Наша Алиса из страны американских чудес тоже не говорила по-русски. Но как хорошо мы друг друга понимали! От нее мы узнали и запомнили первую фразу на чужом языке: «идет дождь». И всего-то она протянула руку через спущенное окно автомобиля и поймала первую каплю, произнеся «it is rain». Годом позже шесть бесконечных часов провела Эллас вместе со мной в вестибюле нью-хейвенского госпиталя, ожидая исхода операции на сердце Аркадия.
Впрочем, в жизни каждого беженца тех времен найдется американка, для которой невозвращенец — сирота. Он без своей страны все равно как без своей семьи. Такая женщина, следуя давним обычаям американских пионеров, приветит, накормит и введет в новую жизнь. А в нашей жизни их было больше чем одна.
От первых дней в Гринвиче осталось впечатление, будто мы только то и делали, что принимали гостей. И как было не накормить человека, заявившегося даже в неурочное время? Я металась между кухней и столовой, то расставляя посуду, то убирая ее со стола. Крутилась посудомоечная машина. Постоянно приходилось просить Питера Глика докупать продукты. Жили мы на занятые деньги, и сравнительно с ошеломляющим изобилием в магазинах наше угощение казалось мне удручающе скромным. А наши посетители, как я теперь понимаю, изнывали от «русского гостеприимства». Кабы знала я тогда, что у них lunch точно в полдень, a dinner — в 5 вечера и все они на диете!
Много разного народу перебывало в доме на Круглом холме (Round Hill и значит круглый холм).
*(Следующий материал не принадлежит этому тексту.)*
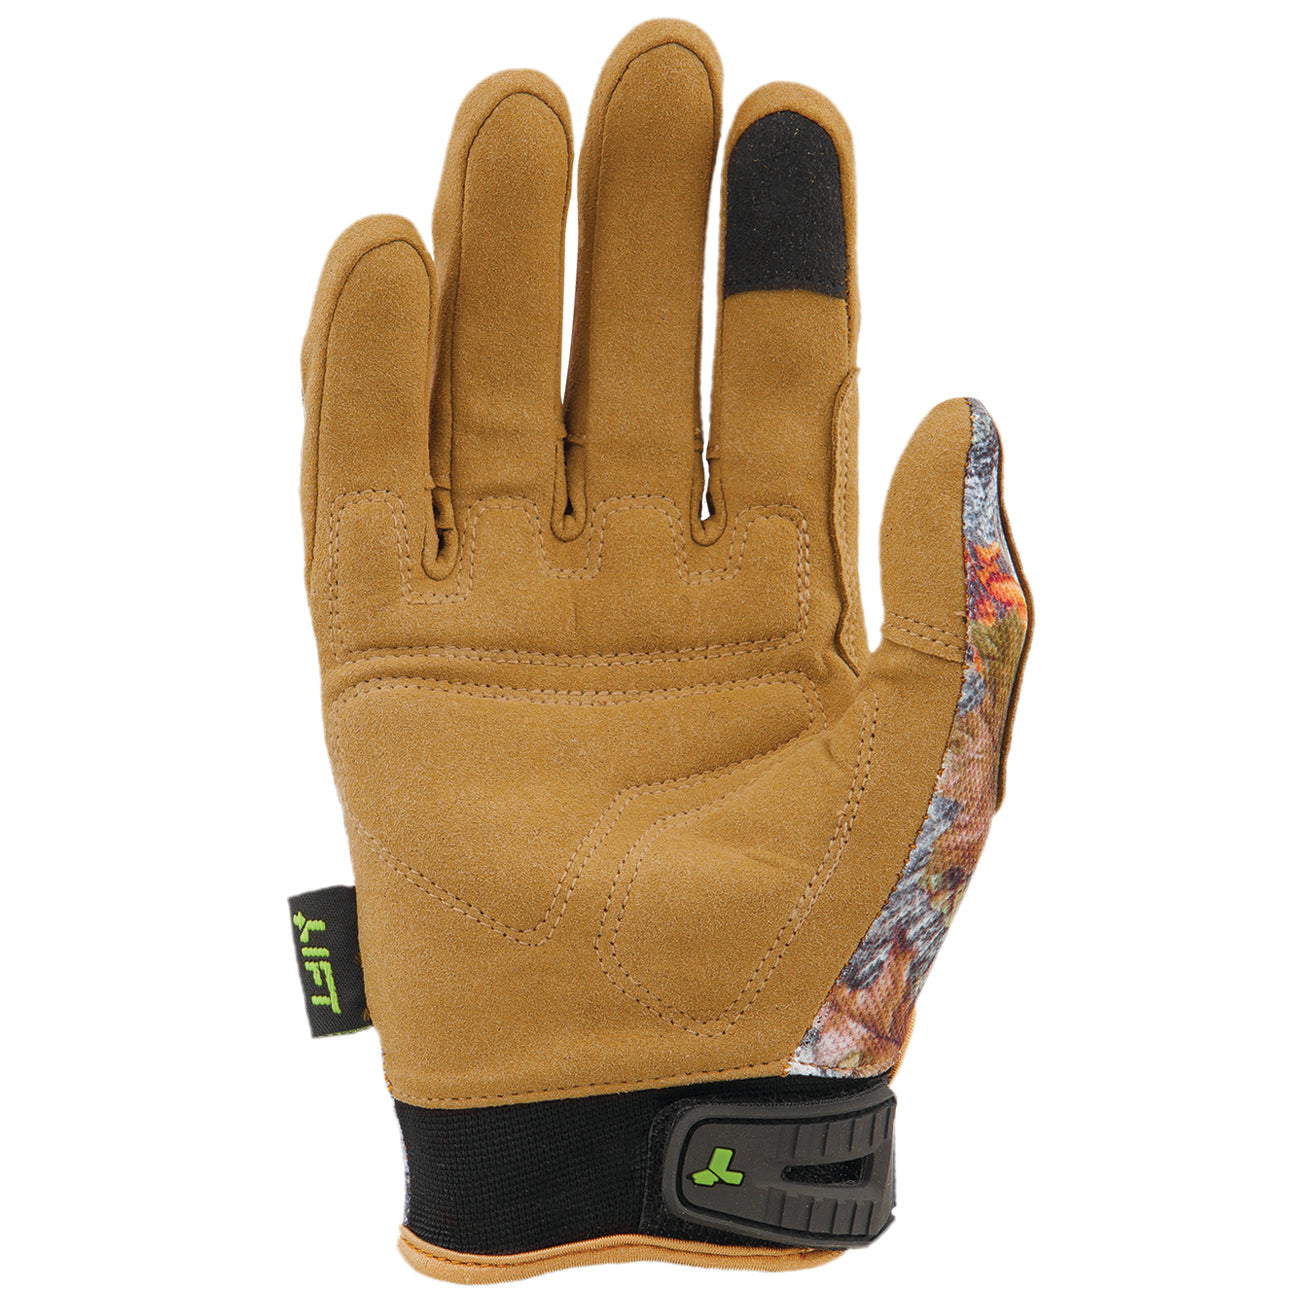 LIFT Safety - OPTION Glove (Camo)

Одной из первых приехала Маша Воробьева — она тогда заканчивала Колумбийский университет в Нью-Йорке и писала дипломную работу о Юрии Тынянове. Русская по происхождению — родители ее принадлежали второй, послевоенной волне иммиграции, — Маша и по стилю жизни, и по образованию — американка. Но ей довелось узнать на трагическом примере своего отца, как трудно бывает беженцу приспособиться к новой среде. Она лучше всех понимала, с какими проблемами сталкиваются ее друзья из России. Сколько страниц заявлений, предложений, прошений, писем, неизменно сопровождающих жизнь новичка на чужой земле, перевела она для нас с одного языка на другой! Прошли годы. Так же самоотверженно она помогала Иосифу Бродскому. (И настолько же скромно. Эта страница жизни поэта так и осталась никому не известной[167]
.)В доме на Круглом холме побывал даже «американский дядюшка», которого нам удалось разыскать через отдел иммиграции во Флориде. О его существовании мы узнали за несколько месяцев до побега. Лев Наумович Гамбург — родной дядя Аркадия — покинул Россию в годы Гражданской войны в надежде добраться до Америки и стать миллионером. Он прошел через Польшу, Италию, попал на Кубу, там сделал свой первый миллион и там же потерял его: «Вошли такие же, в кожаных куртках и прямо к сейфу…»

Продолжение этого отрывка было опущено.